# [Source material]
^^^^^^^^

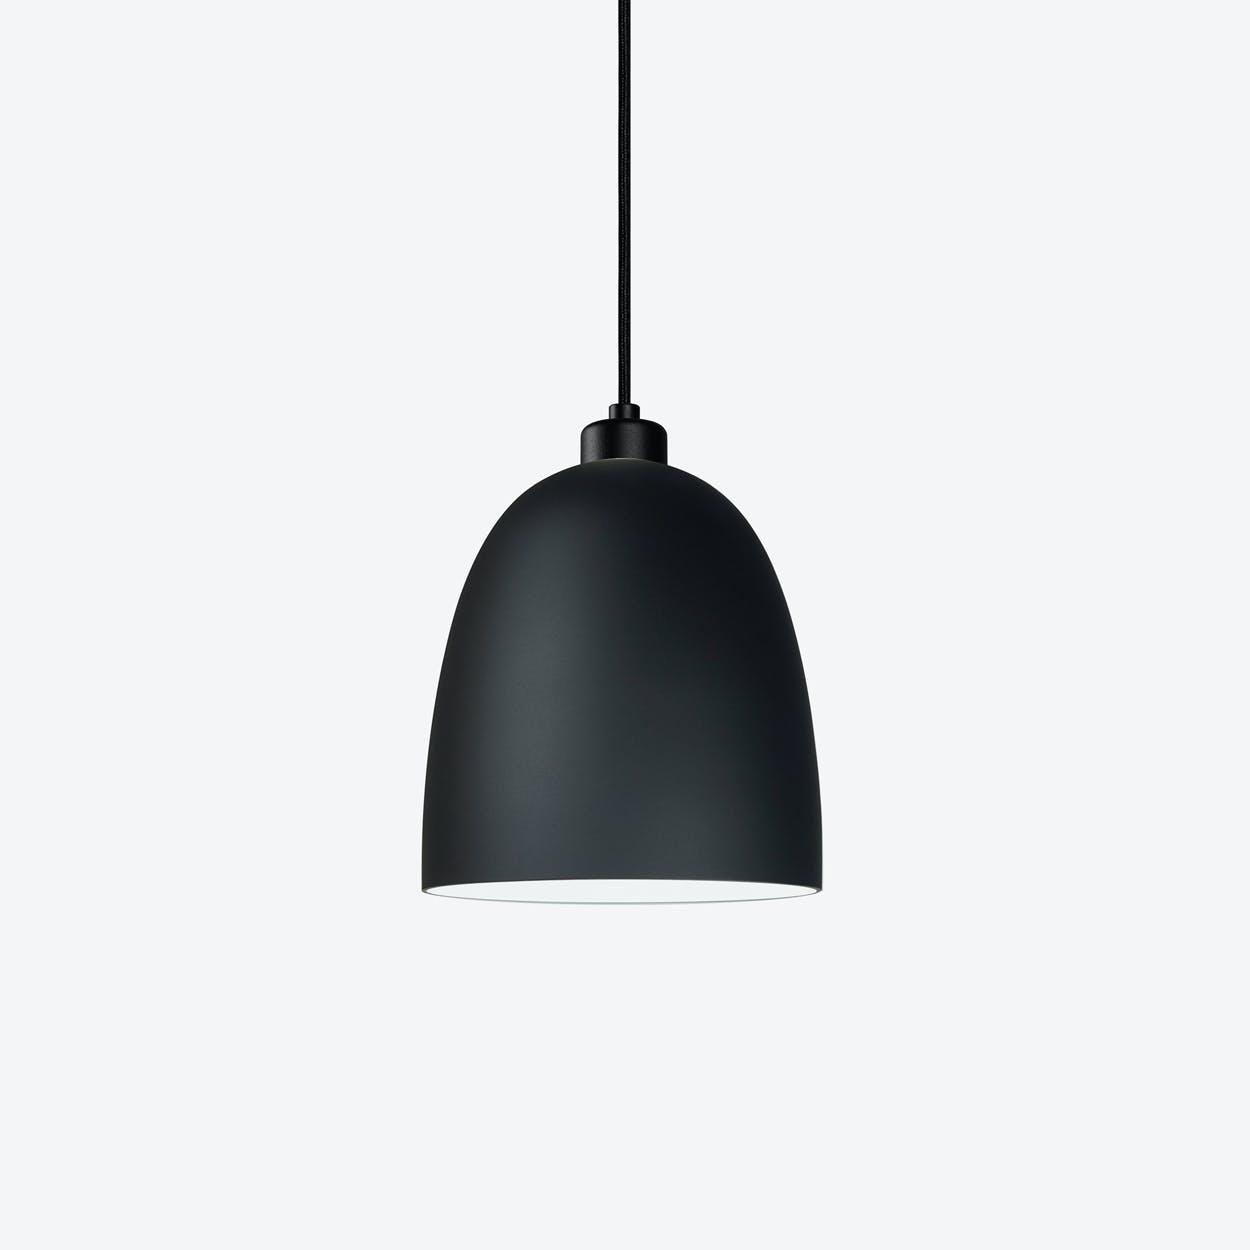 AWA Single Pendant Light in Matte Black
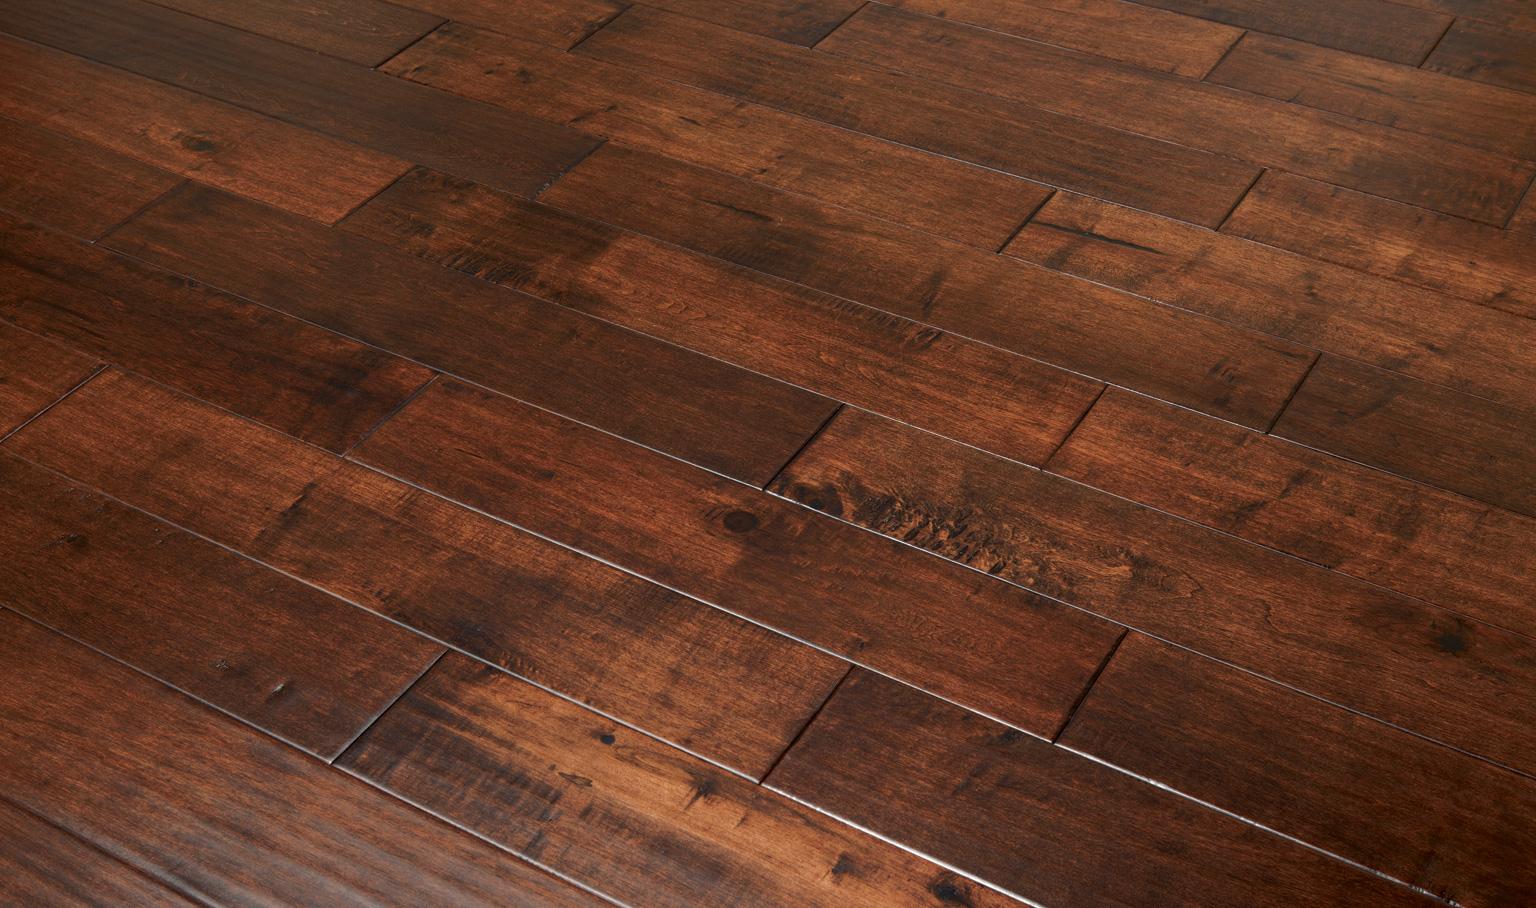 solid hardwood floor grant dark solid wood floors maple hardwood flooring unfinished solid maple  hardwood LMJPJQN
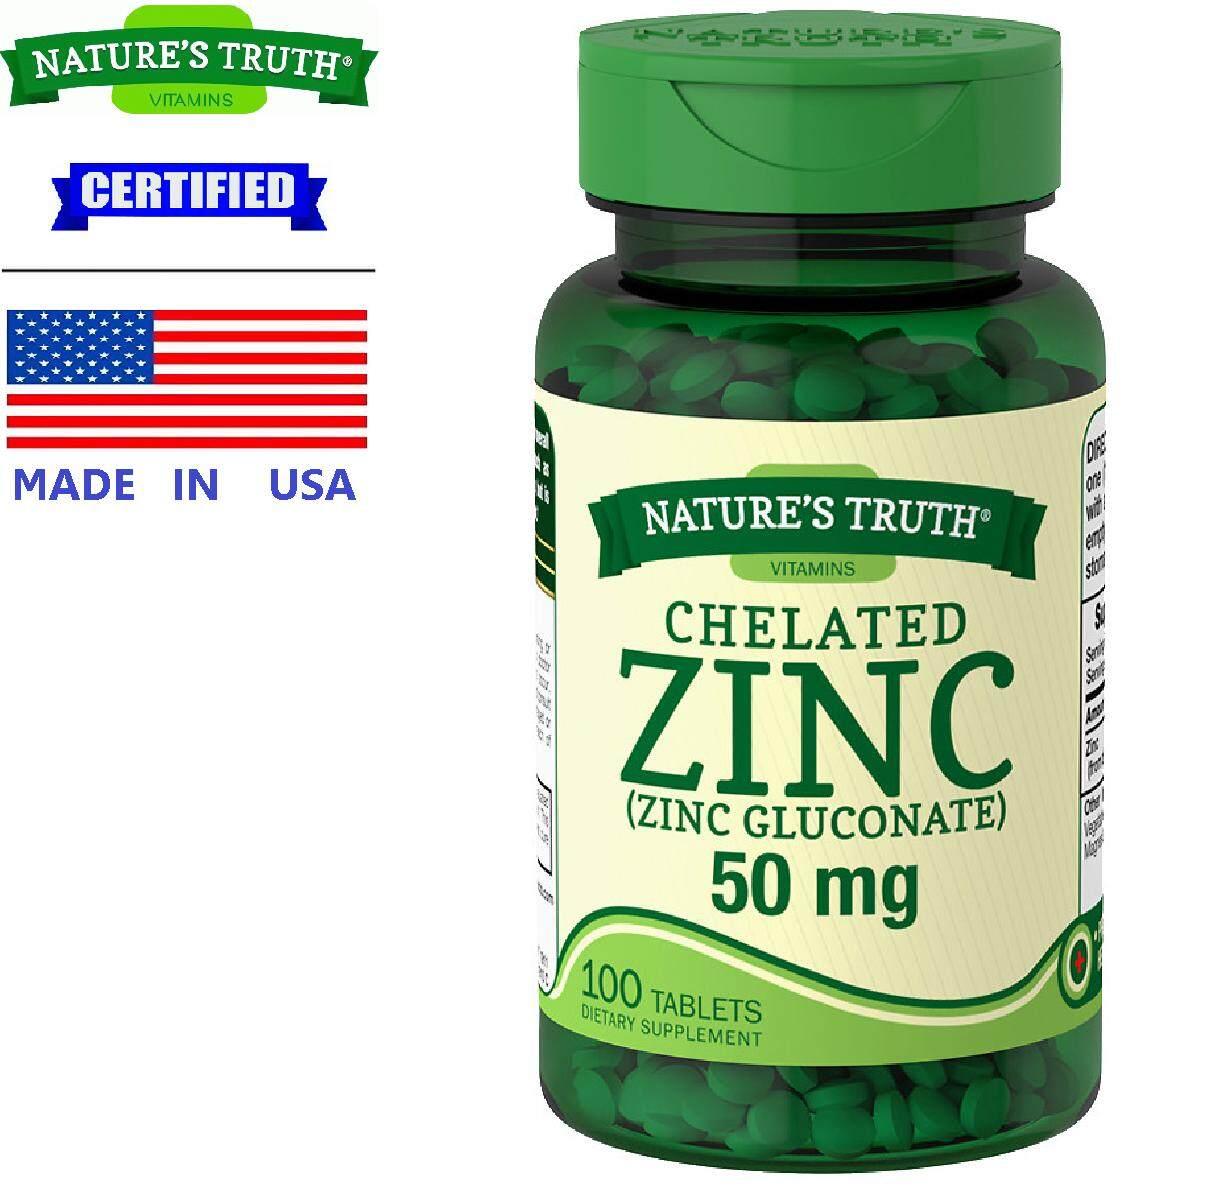 Nature's Truth Zinc 50 mg x 100 เม็ด เนเจอร์ ทรูทร์ สังกะสี ซิงค์ / กินพร้อม เอแอลเอ แอสต้าแซนทีน ไบโอติน คอลลาเจน โคคิวเทน เมล็ดองุ่นสกัด กลูต้า มาคา วิตามินซี อี /

^^^^^^^^

# [Work to be completed]
Retype the listing exactly. Pictures do not belong in the copy.

# [Worked solution]
 AWA Single Pendant Light in Matte Black
 solid hardwood floor grant dark solid wood floors maple hardwood flooring unfinished solid maple  hardwood LMJPJQN
 Nature's Truth Zinc 50 mg x 100 เม็ด เนเจอร์ ทรูทร์ สังกะสี ซิงค์ / กินพร้อม เอแอลเอ แอสต้าแซนทีน ไบโอติน คอลลาเจน โคคิวเทน เมล็ดองุ่นสกัด กลูต้า มาคา วิตามินซี อี /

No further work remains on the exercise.